While the authors have shown that this method does not degrade accuracy much, Carlini at al. (2020) have shown that InstaHide is insecure. Their attack was able to retrieve visually-recognizable reconstructions of $100$ private images encoded into $5000$ “secure” images by InstaHide in under an hour on a single machine.

The attackers used that fact that the random flipping transformation, performed on floating point numbers, preserves their absolute value which retains a non-trivial amount of information, enough to even recognize by eye.

Since every encoded image contains information about two private images, many are bound to overlap and share information from the same private image, in which case the encoded images will have some agreement. Even with only absolute value data, the attackers managed to train a neural network to leverage that agreement to classify whether a pair of encoded images share an image in common with high accuracy. Clustering the encoded images, the average of the cluster will retrieve the absolute value of the original image.

The attackers could have stopped there, but they used the data to reconstruct the encoding graph, the values of $\lambda$ that produced each encoded image. Each encoded image is then reduced to a noisy combination of two unknown images.

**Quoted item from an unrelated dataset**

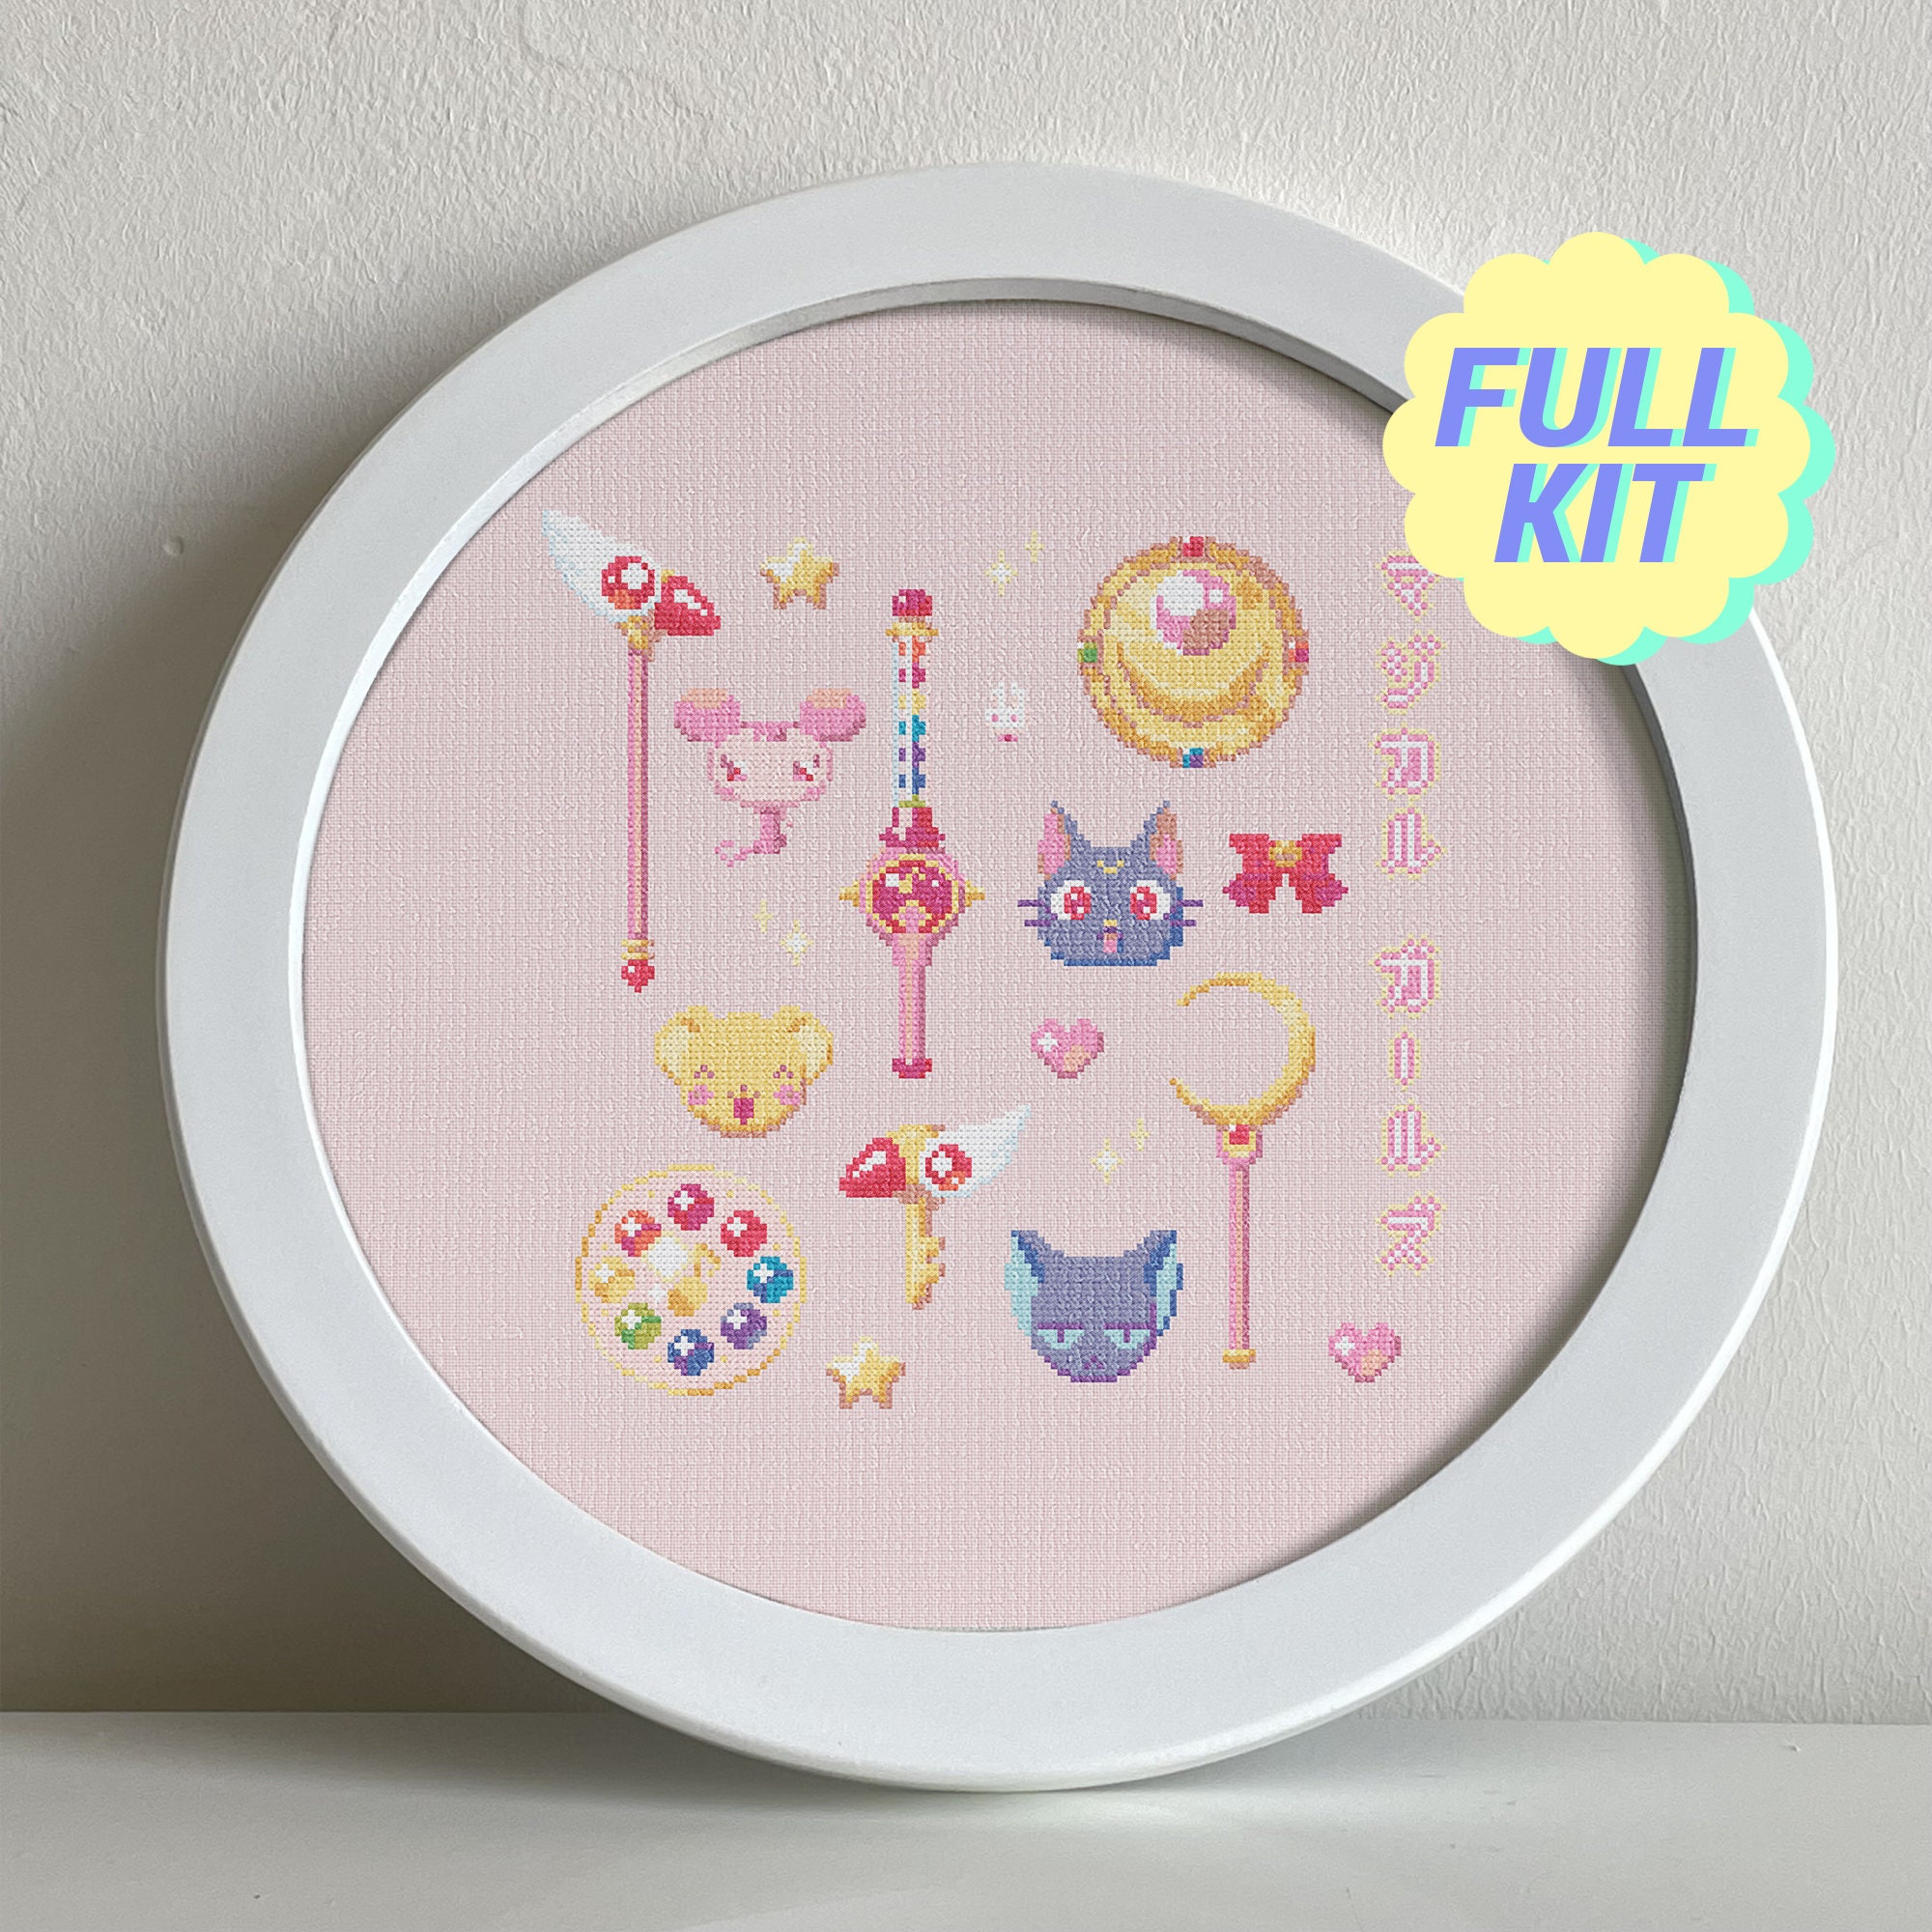 Baby Girl With Toys Cross Stitch Pattern Mom Cross Stitch Toy Bear Cross Stitch  Girl With Teddy Cross Stitch Gift for Girl Baby Cross Stitch

\[\tilde{x} = \|\lambda_{1}x_{i}+\lambda_{2}x_{j}+N\|\]

The challenge answered by the attackers contained $5000$ encoded images constructed from only $100$ private images, which results in $5000n$ non-linear equations in $100n$ variables (where $n$ is the image size). Gradient descent was able to retrieve the images despite the non-linearities.

\[\arg \min_{X \in [-1,1]^{n \times t}} \\|\mathrm{abs}(AX)-\tilde{X}\\|^{2}\]

Ambiguous Privacy

This example demonstrates the need for a definition of security that can be proven or tested, which might be more relaxed than that of differential privacy to allow for efficiency.

Why not avoid repeated use of private datapoints?

We must remember that data providers always have a maximum privacy alternative: not to share the data. If we increased the proportion of public data in the encoding, we’d rapidly lose the benefit of our private data, whether if due to noise or distribution shift.

Black Box Recovery

Carlini et al. (2020) showed that even with limitations on queries from a black-box model, the model’s parameters can often be reconstructed.

Summary

Queries can allow to reconstruct models, knowledge of the model can allow to reconstruct training data and knowledge of the training data, even if encrypted, can allow to reconstruct original private data.

Therefore, definitions of security need to be proposed and mechanisms to ensure them need to be proven. The state of the field today can be summarized in three approaches:

Cryptographic approaches can ensure privacy, at great cost to performance and efficiency.
Differential privacy can allow for a tuned trade-off between privacy and utility, currently with high cost.
Heuristic approaches can be the best of both worlds, but lack guarantees and are in risk of attacks that can break them completely.